Billy Talent Live
Ich, Don Quijote, der Schlangenbezwinger
21.06.2006, 20:00, Text:
Thomas Renz
13.06.06, Live Music Hall, Köln. Das Gefühl, das in mir hochsteigt, als ich die ausverkaufte Live Music Hall betrete, hat Carrie Heffernan aus King Of Queens einmal mit \"Das ist so eklig, fast als hätte man eine Taube im Bad\" in die passenden Worte gekleidet. Doch nur Sekundenbruchteile nach diesem unerfreulichen Gedanken schwitze ich genauso stark wie alle anderen, habe aber wenigstens soviel Anstand, mein T-Shirt anzubehalten. Und als ob da nicht schon genug Schweißperlen ein endloses Wettrennen auf meiner Stirn veranstalten würden, muss ich auch noch angsterfüllt erkennen, dass ich an diesem Abend eine Schlacht zu schlagen habe, die ich unmöglich gewinnen kann. Denn die vielköpfige, glitschige Schlange halbnackter Menschen, die sich in einer gehetzten Polonaise immer genau da vorbeischlängelt, wo ich hingedrückt werde, kennt weder Ende noch Erbarmen. Mein einziger, schwacher Trost ist zu diesem Zeitpunkt, dass auch mein Gegner etwas von meinem Schweiß abbekommt. Mit der Erkenntnis, dass mit einem Kampf gegen Windmühlen nicht unbedingt immer ein kühlender Lufthauch einhergeht, ergebe ich mich schließlich den feuchten Rempeleien und wende mich endlich der Band zu.
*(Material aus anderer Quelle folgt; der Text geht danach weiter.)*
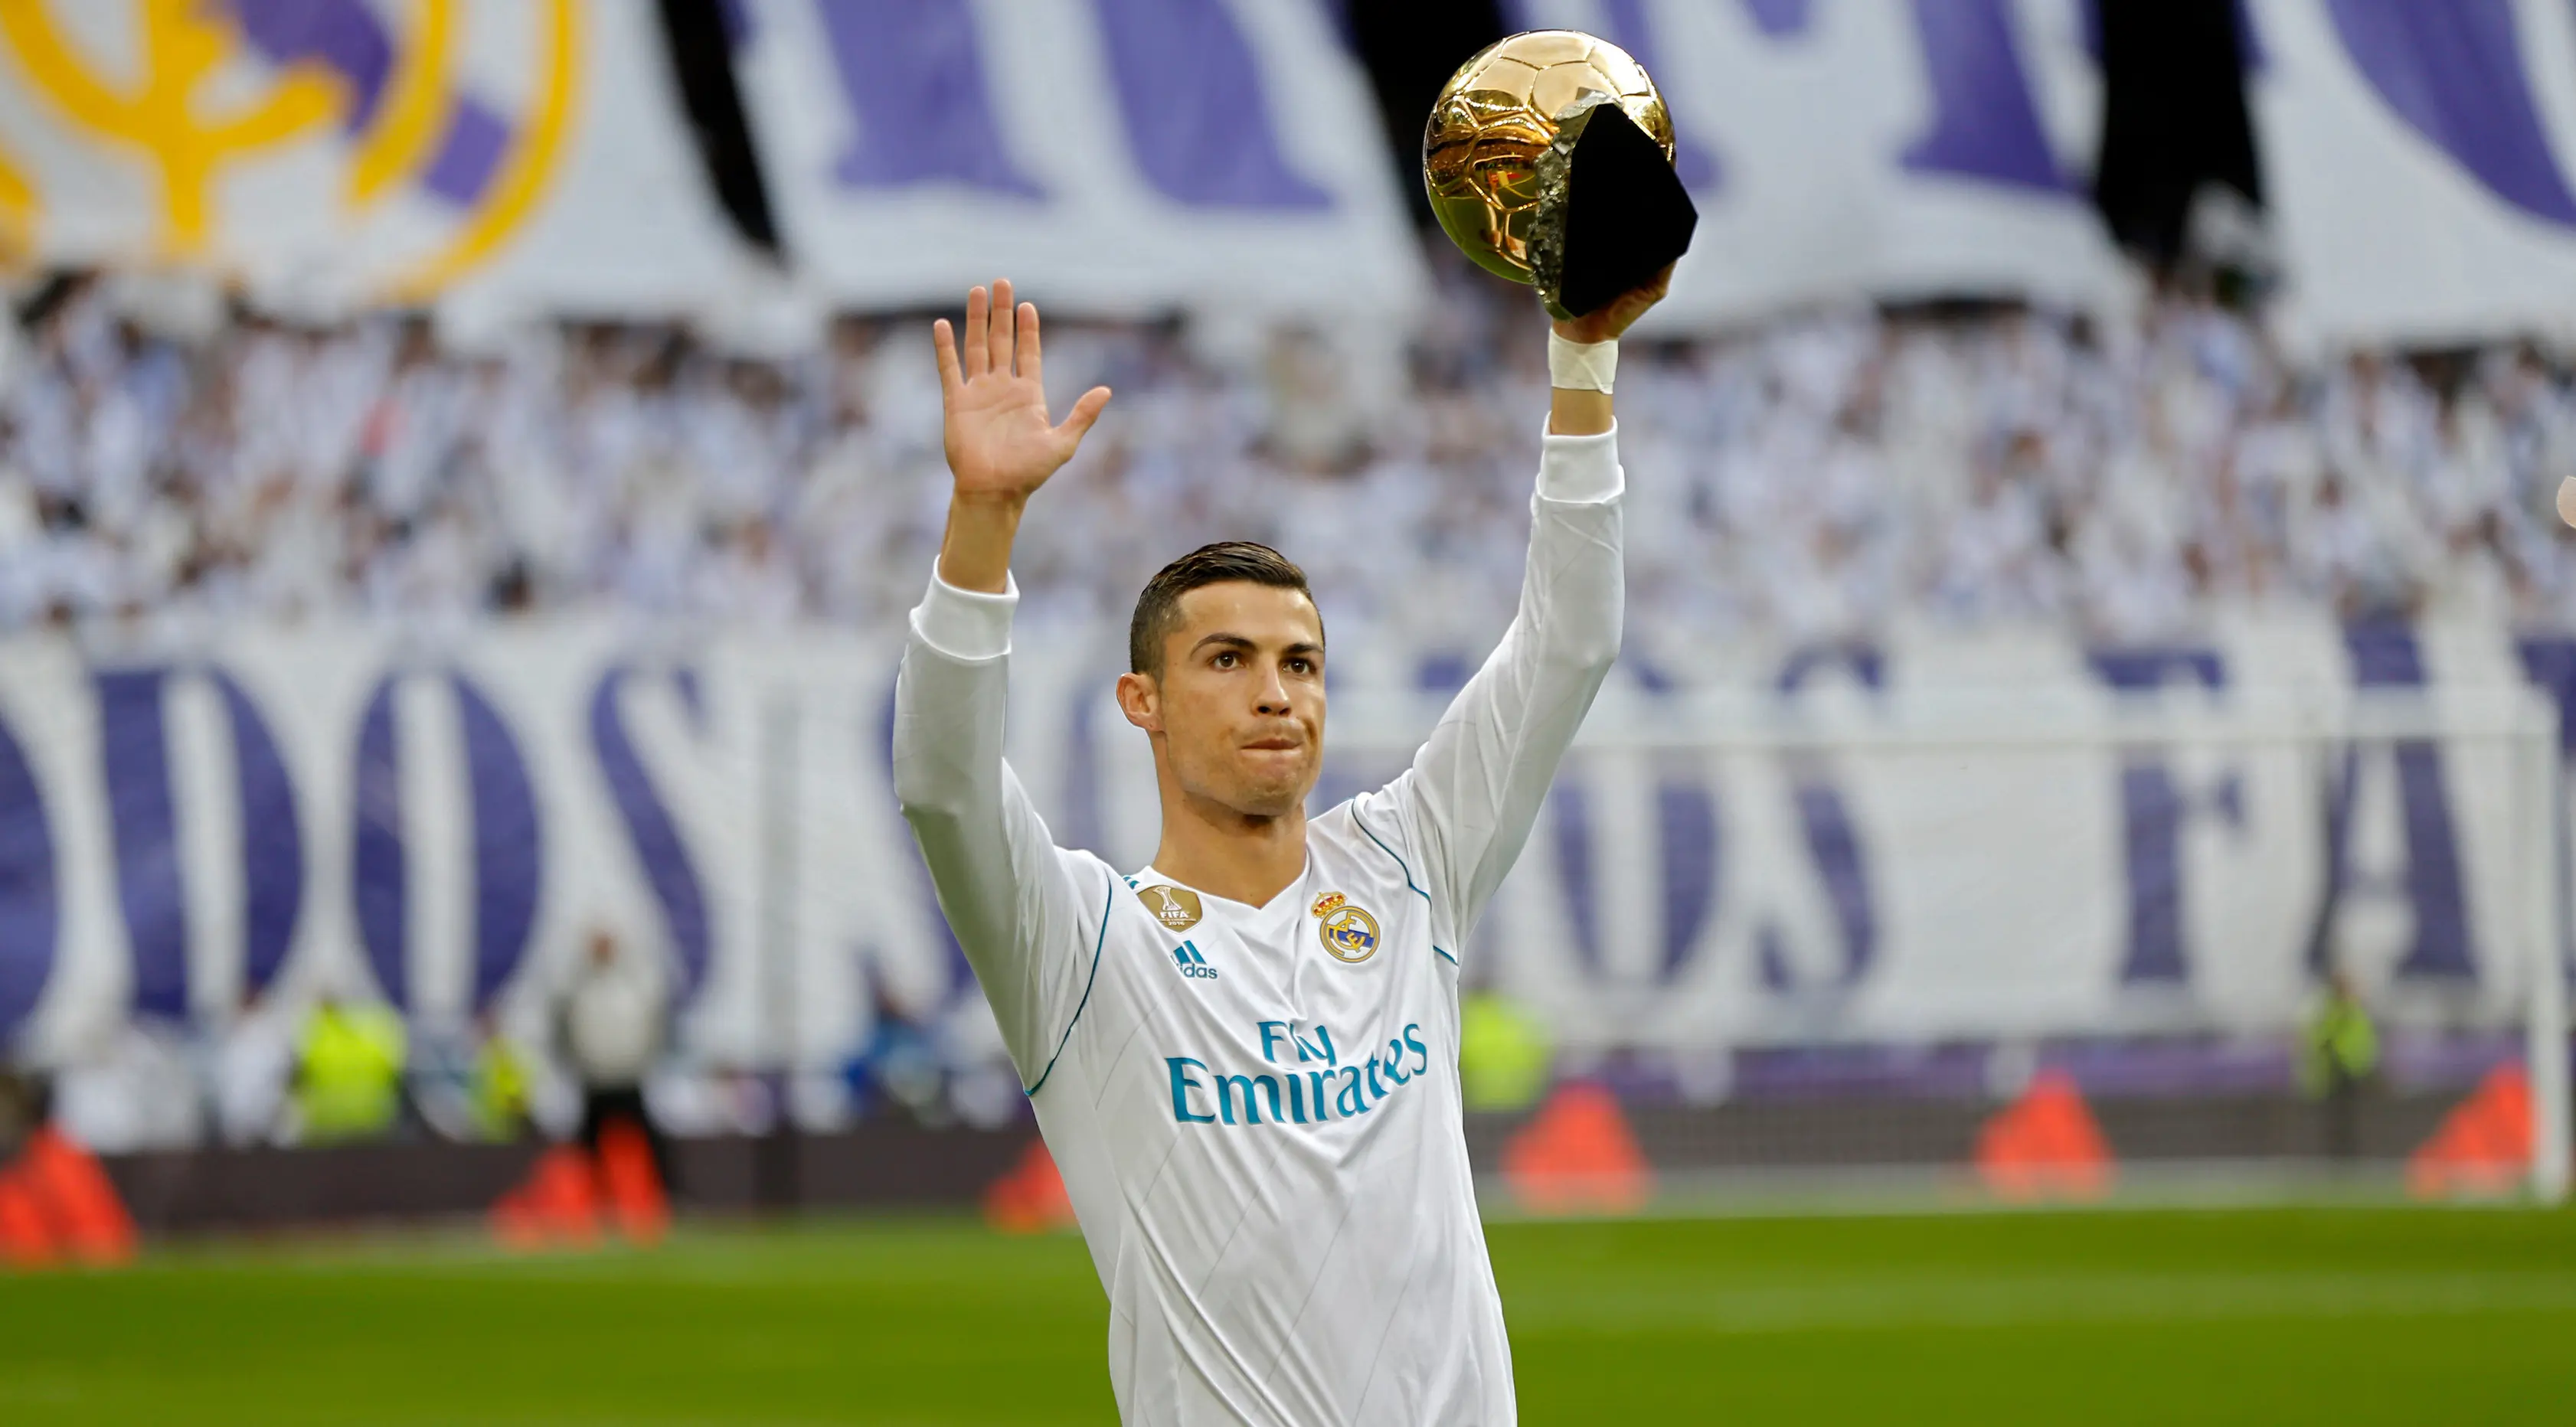 Pemain Real Madrid, Cristiano Ronaldo memamerkan salah satu trofi bola emas Ballon d'Or sebelum laga Real Madrid vs Sevilla di Stadion Santiago Bernabeu, Sabtu (9/12). Ronaldo baru saja meraih trofi kelima penghargaan Ballon d'Or 2017. (AP/Francisco Seco)

Zu diesem Zeitpunkt hat mein Körper leider bereits meine Sinnesorgane zugunsten der Atmung so weit heruntergefahren, dass meine Ohren nur noch Griesbrei wahrnehmen. Dabei hatte ich mir so gewünscht, dass zuallererst meine olfaktorische Wahrnehmung versagt und ich dieses Konzert nicht mehr riechen muss. Vergebens. Als mir dann auch noch meine Augen Streiche spielen und mir tatsächlich weismachen wollen, dass sich Sänger Benjamin Kowalewicz auf der Bühne gebärdet wie ein Wahnsinniger, anstatt sich der Luftfeuchtigkeit entsprechend an ein Sauerstoffgerät anzuschließen, wird mir klar, wie knapp ich an der Grenze zur Bewusstlosigkeit wandle. Ich muss schleunigst hier raus, will ich an der frischen Luft zusammenbrechen, so viel ist sicher. Doch wie nur diesem undurchdringbaren, feuchtheißen Dschungel aus gepackten Leibern entkommen? \"Die Schlange!\" durchfährt es mich. Irgendjemand hatte doch behauptet, sie dränge in Richtung der Toiletten und damit des rettenden Ausgangs. Bedeutet also ausgerechnet mein Feind die Freiheit? Mit letzter Kraft werfe ich mich zwischen die schiebenden Körper und werde sofort verschlungen. So sehr sich das Untier auch krümmt und windet, ich lasse mich nicht mehr abschütteln, denn ich spüre bereits die rettende Kühle der Nachtluft.
Als ich vor der Live Music Hall wieder zu mir komme, laufen Tränen über meine immer noch heißen Wangen. Ich lebe also noch. Aber ich habe auch unglaublich große Angst. Ganz vorsichtig horche ich in mich hinein - und atme nach kurzem Bangen erlöst auf. Die Schmetterlinge sind immer noch da. Auch ein solch verheerendes Date macht mir also die Beziehung zu Billy Talent nicht kaputt. Als ich daheim angekommen bin und mir die festgeklebten Kleider vom Leib schneide, setzt sich eine Taube auf den Fenstersims meines Badezimmers und gurrt glücklich.